The answer, of course, was yes.
What happened next in Young's career only became fully clear a couple of years later, in the summer of 1975, with what by then it was abundantly clear - where there had been confusion before - was the belated appearance of the astonishing Tonight's The Night, a record that until then Reprise had refused to release. This, however, is the basic chronology of events.
When the Time Fades Away tour finally ground to a halt after three grueling tempestuous months, Young had retreated again to Broken Arrow ranch in La Honda, disenchanted and demoralized, nothing much resolved by the extremes he'd driven himself to on the Time Fades Away tour.
There were rumors of a Buffalo Springfield reunion, but Young wasn't interested. Other rumors, reported in Rolling Stone that August, that CSN&Y were getting back together to make a new album proved more substantial. That June found all four principals in Hawaii, rehearsing on Crosby's boat and at a house Nash had rented on Maui. They all had new songs they wanted the group to record, and there seemed a genuine eagerness to put an end to the interminable squabbling between themselves that seemed an inevitable consequence of any attempt they made to work together and, this time, get something done. A new album didn't seem beyond them, out there in the islands, the four of them kicking back, enjoying each other's company. They even had a name for it - Human Highway after one of the songs Young had recently written.
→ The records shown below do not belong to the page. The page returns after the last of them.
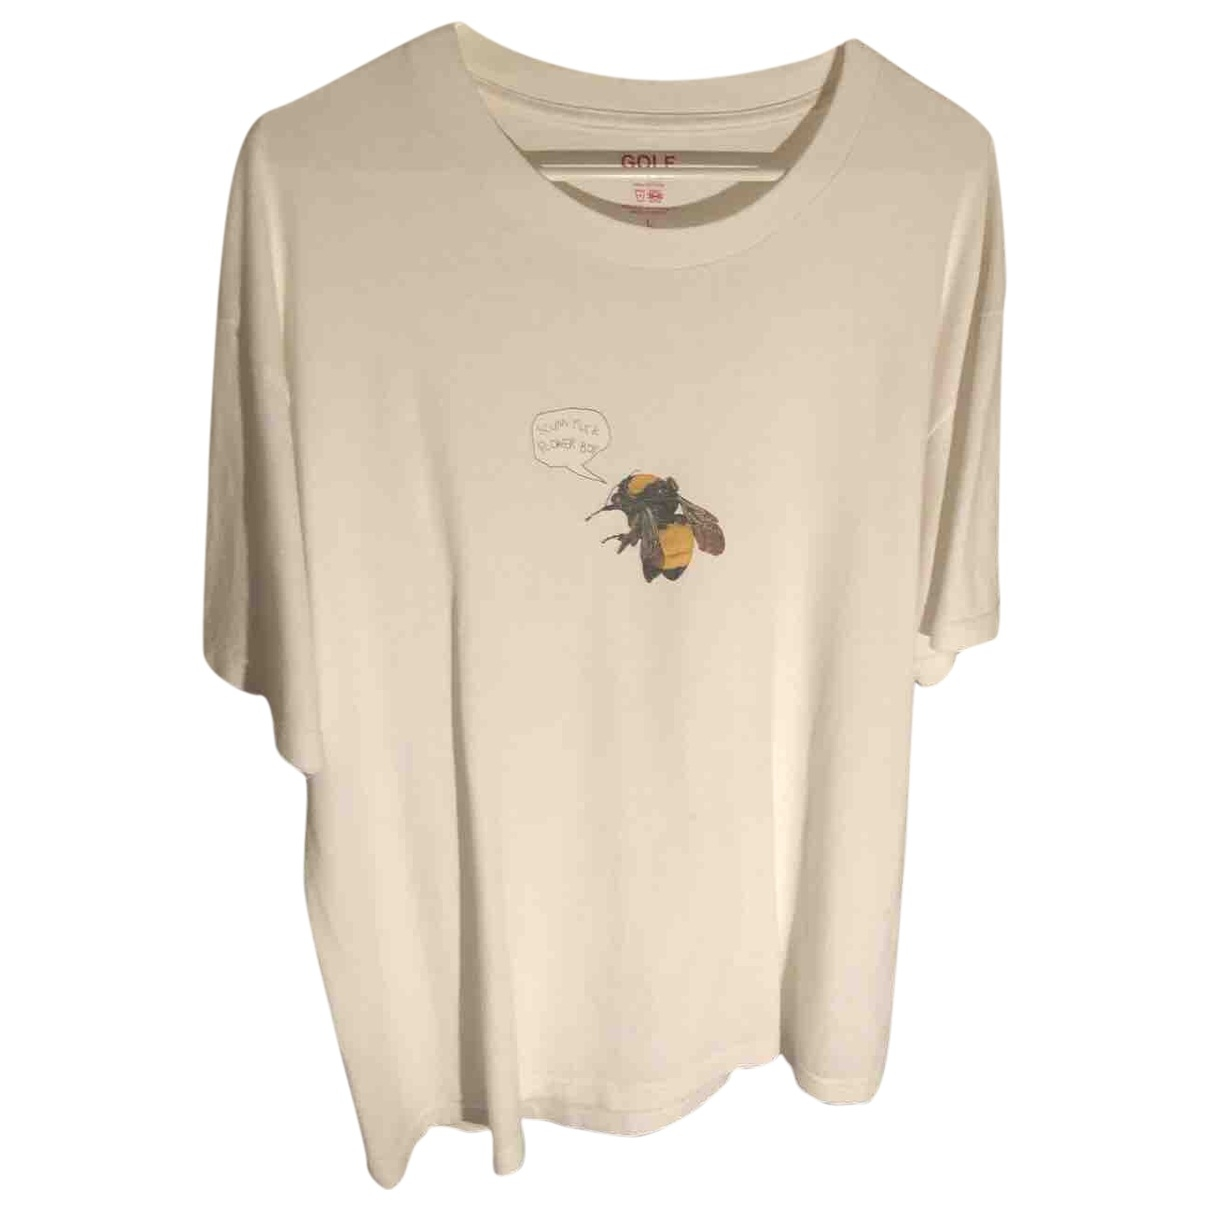 Golf Wang - Tee shirts   pour homme en coton - blanc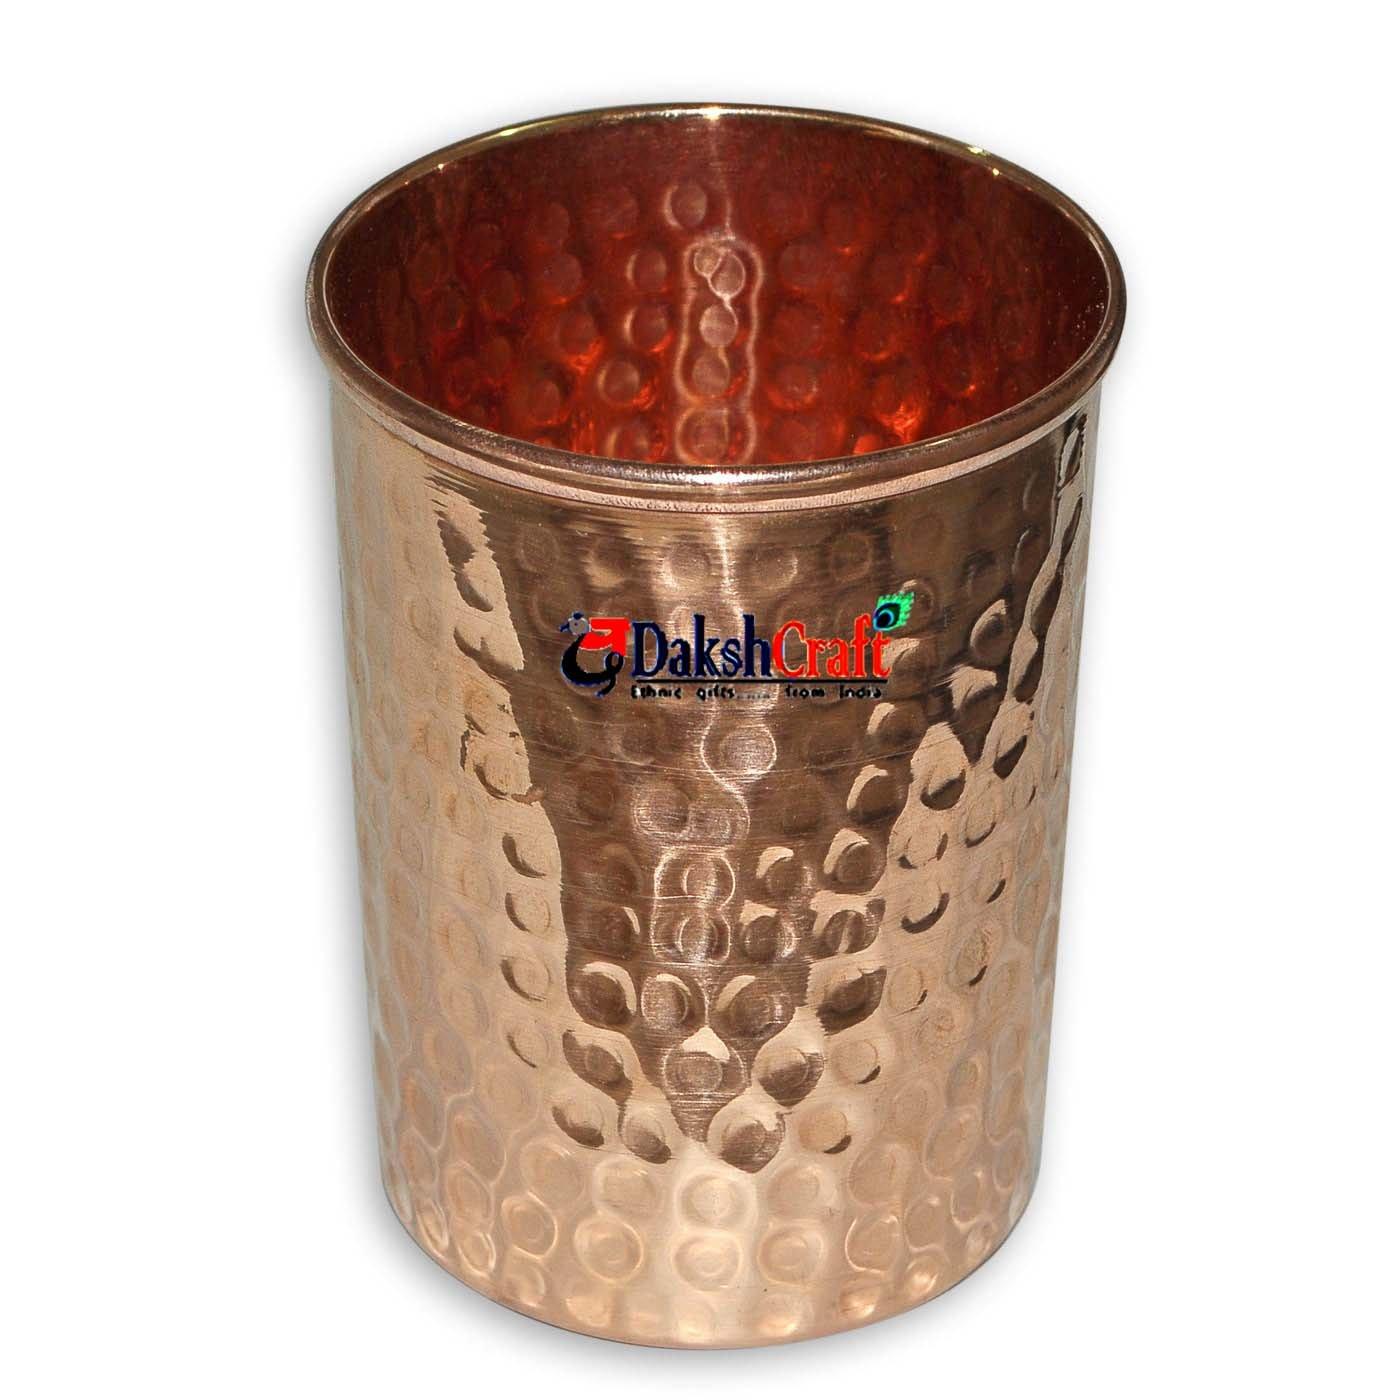 Dakshcraft Handmade Pure Copper Hammered Tumbler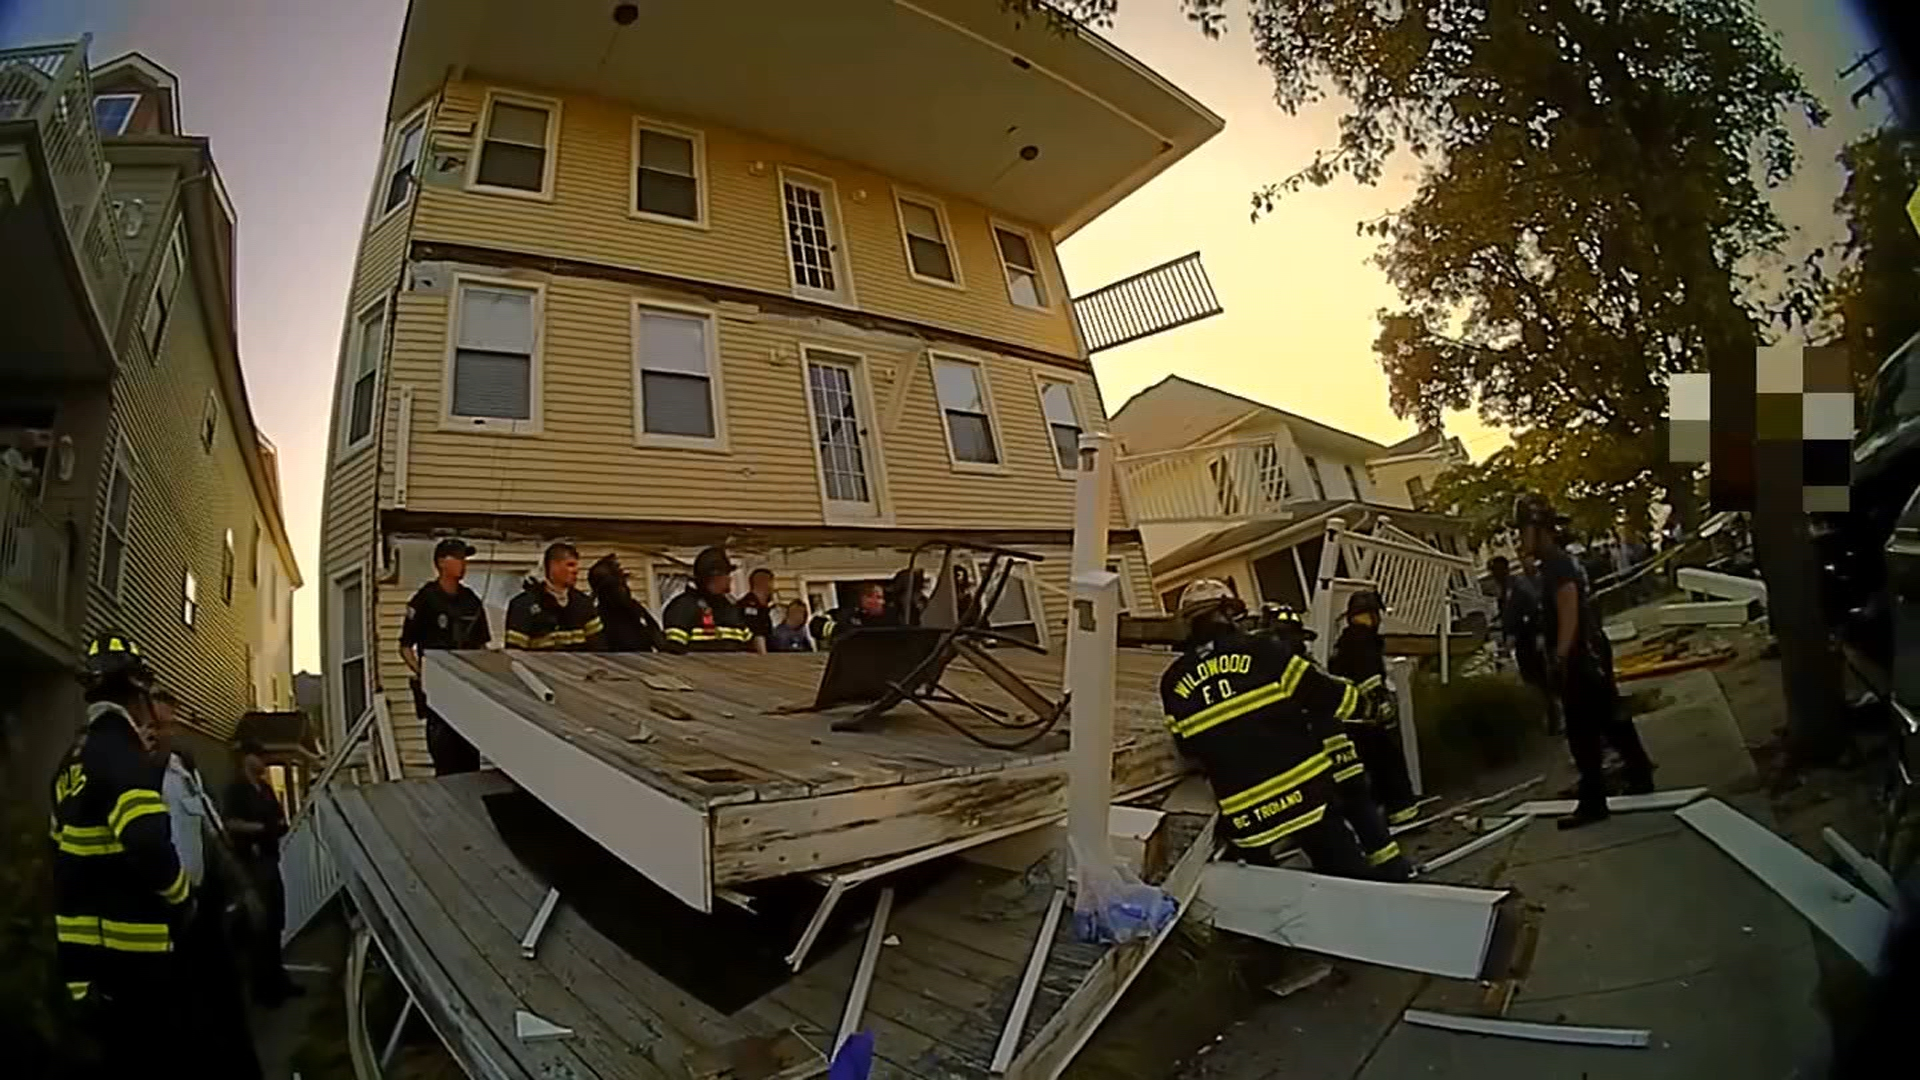 New Videos Show NJ Deck Collapse, Frantic Rescue Effort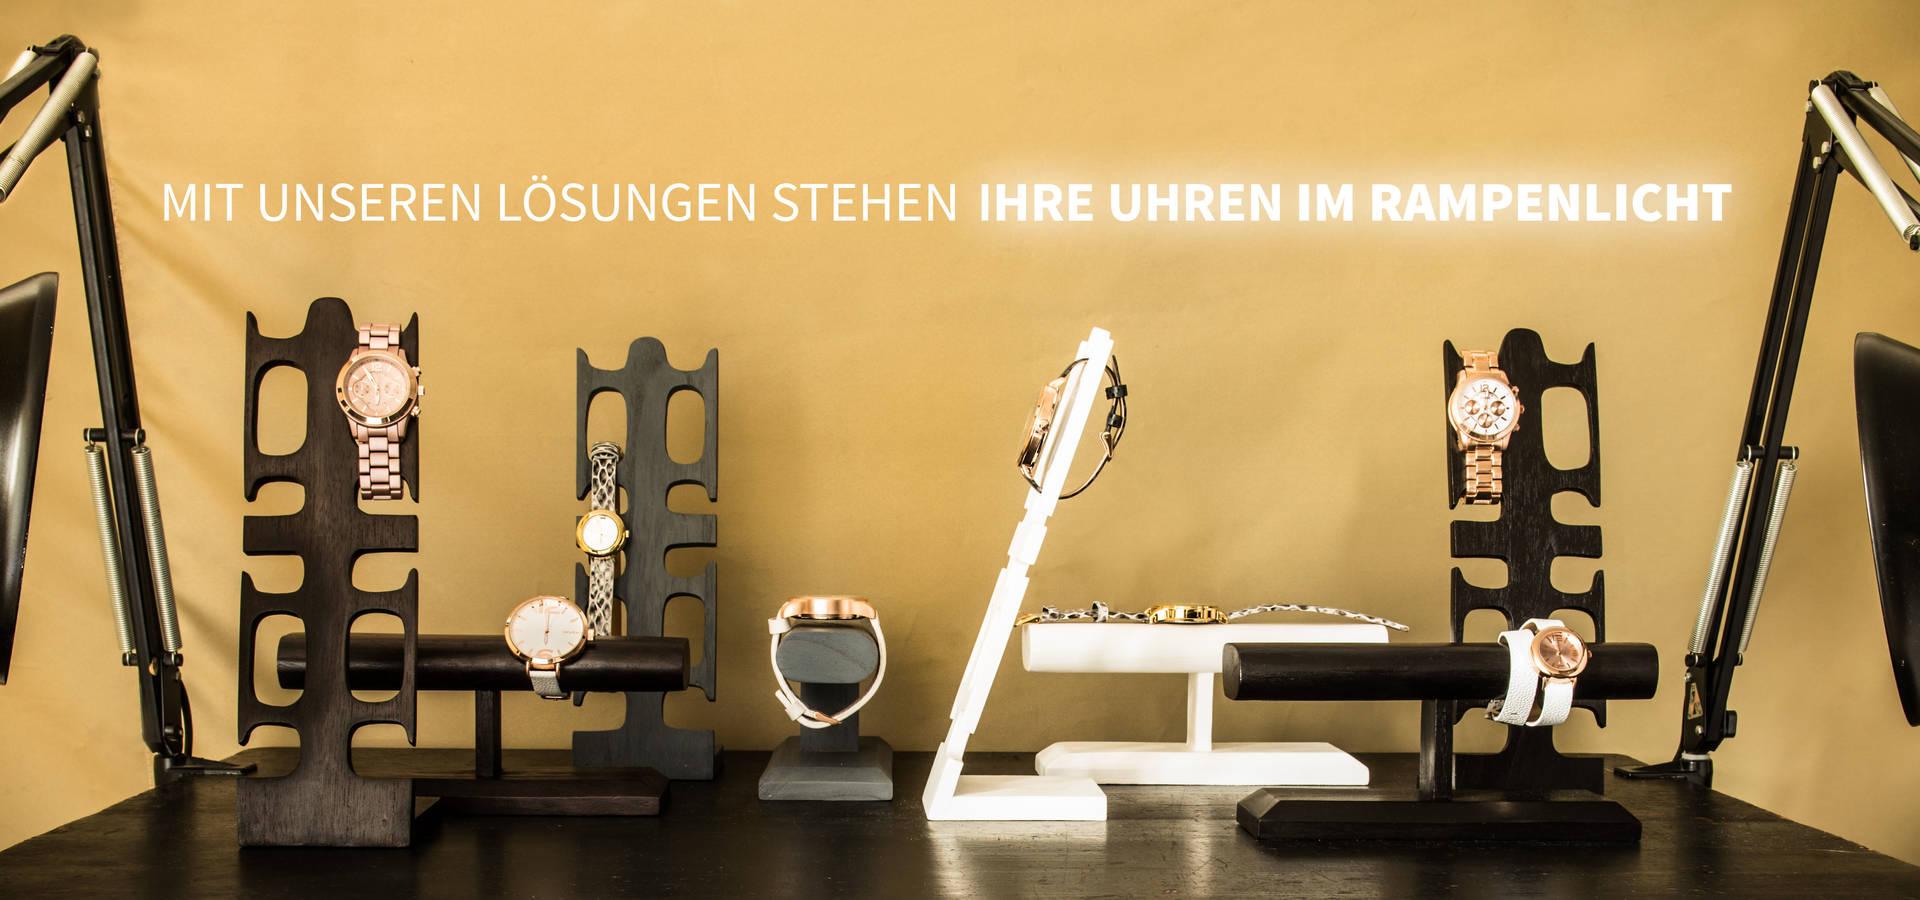 alkita gmbh m bel accessoires in aachen homify. Black Bedroom Furniture Sets. Home Design Ideas

By August, they were all at La Honda for more rehearsals and recording sessions, with Tim Drummond and Johnny Barbata from The Stray Gators on board as the rhythm section. Four songs into the sessions, however, the mood between them darkened and the old divisions were once more manifest and looming.
It was too much for Young, this petty bickering. It may even be that, against the background of Whitten's death and the grim realities it had forced him to confront, Young thought the small-minded squabbling of these pampered superstars were simply diminishing to be even associated with. He decided to split.
On his way to meet the rest of the band, he took a detour, and ended up at the home of his friend and producer, David Briggs, who had just moved back to northern California after two years in Canada.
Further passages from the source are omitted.